What I learned is this: There is no inherent value to busyness, or at least not the Yale-determined busyness I fell into so quickly. People can only withstand so much pushing and pulling until they snap. This University’s abundance gave me every opportunity to reach my personal snapping point; my year as editor made it impossible not to. And it wasn’t until I completely lost control over my time — along with, of course, the very idea of collegiate time itself — that I realized how little agency I had felt prior to the pandemic, and how much time I had already lost by living at the whim of my classes and extracurriculars rather than making those commitments follow a rhythm of life I set for myself.
So my senior year busyness was a sort of pendulum swing, an attempt to make my remaining months at Yale more fulfilling than they were draining, to have a satisfying answer to the question everyone asked of me before my YDN retirement in September: What are you going to do with all your free time? October felt desperate and scrappy, always coming from and going to, and never just here: at this library, at that bar. In November, my pillow developed an indent in the shape of my head (as did the pillows on my friends’ couches). My December reading period was more focused on Elf screenings and holiday cocktail parties than actual, you know, reading — and when exams were over and everyone had gone home, I walked around campus and felt, for the first time in a while, a complete calm. I’d made peace with the parts of me that belong to this place and pandemic and newspaper; once I had peace, I began to feel pride.

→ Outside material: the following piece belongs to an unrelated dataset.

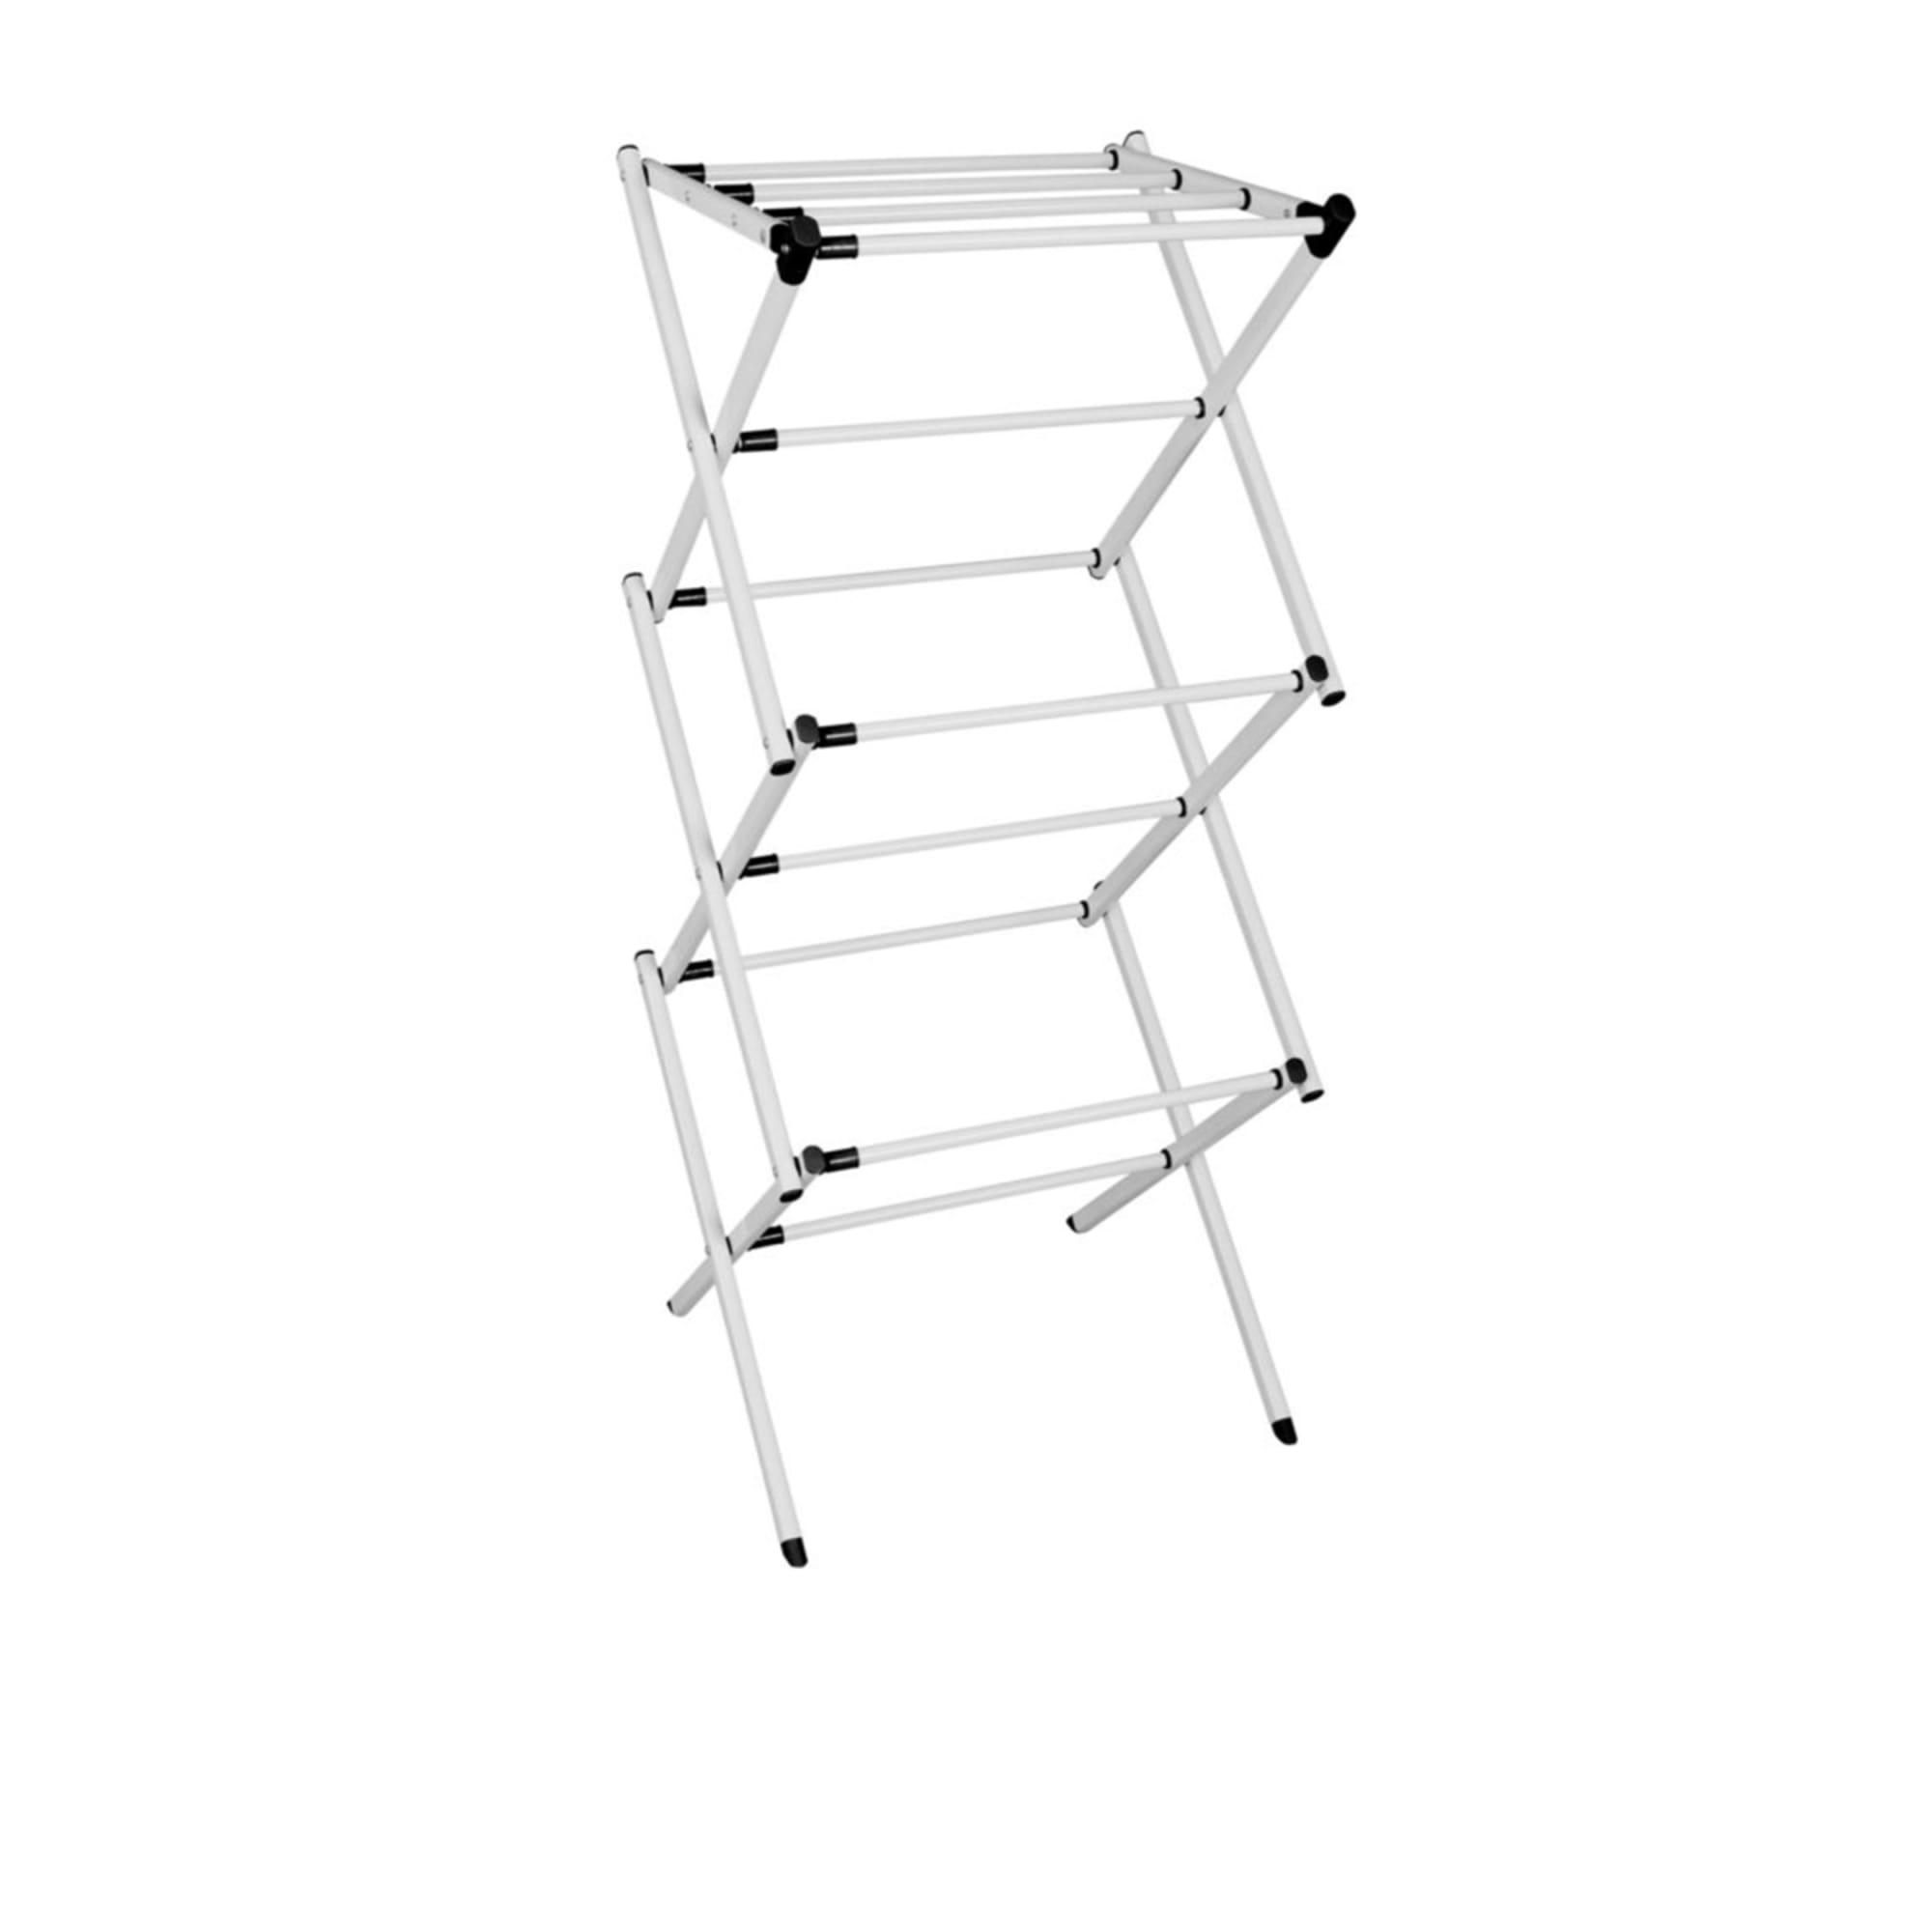 Butlers Suite 3 Tier Expanding Drying Rack White Image 3

These don’t have to have been the best four years of my life to have contained some of my life’s best moments. I don’t have to have always liked Yale in order to have loved it.

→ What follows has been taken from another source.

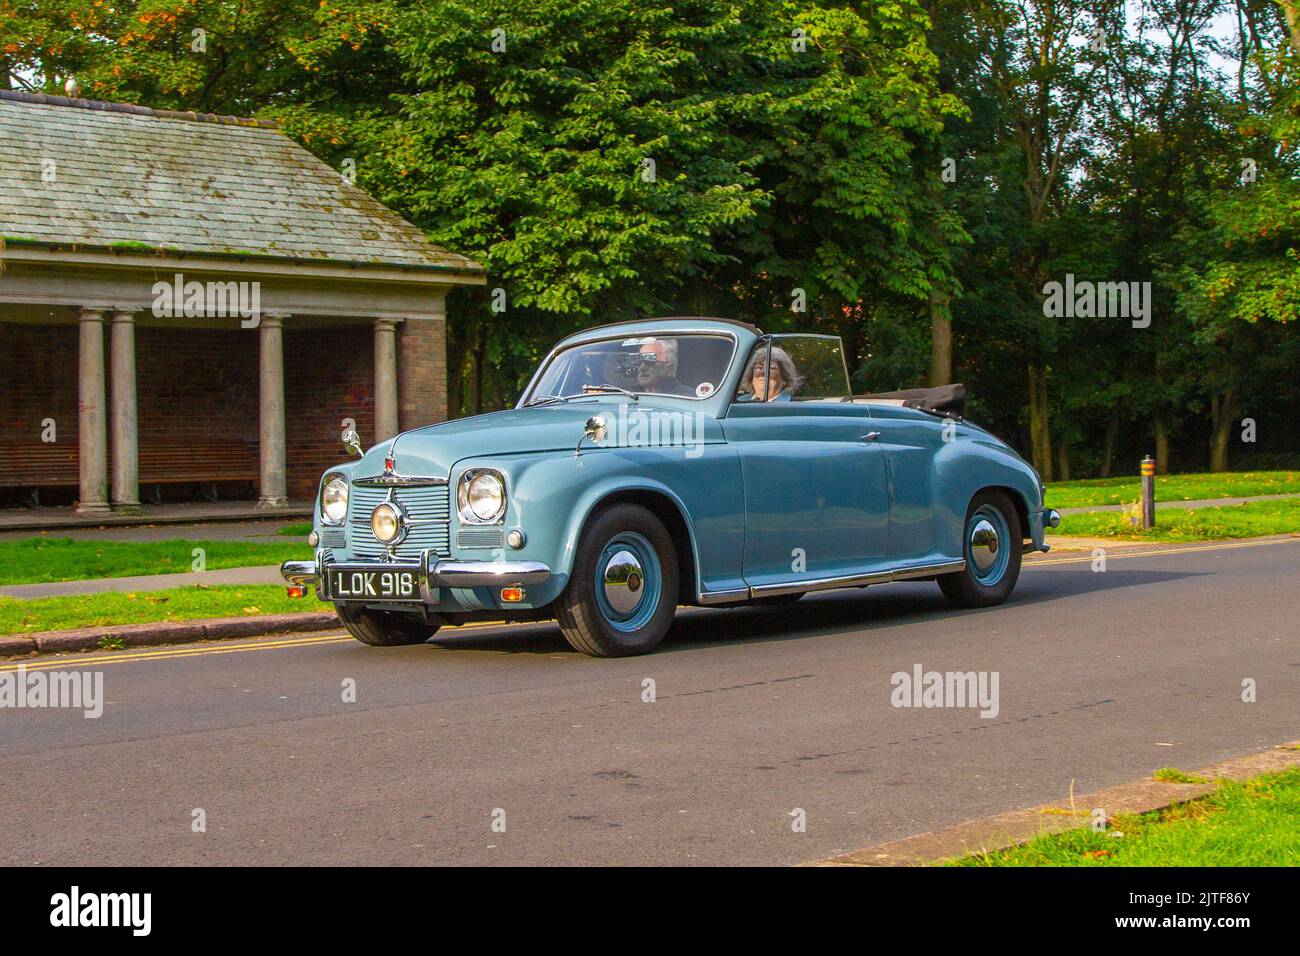 1951 50s fifties Blue  ROVER P4 2638cc Petrol Cabrio; Cars arriving at the annual Stanley Park Classic Car Show. Stanley Park classics yesteryear Motor Show is hosted by Blackpool Vintage Vehicle Preservation Group, UK. Stock Photo

And so as April gardening crews planted May flowers, and the hours competed with the days and weeks in a windsprint to Commencement — as I toggled between the excitement and scariness of post-grad limitlessness, and the browser tabs of a jaded college senior and a young adult just starting out — I tried imperfectly to tread along slowly, in this place that I came to see as, among other things, a walkable community of potential friends. That is the Yale — not Yale the institution, Yale the corporation, Yale the brand, Yale the image — that I love, the Yale I will miss.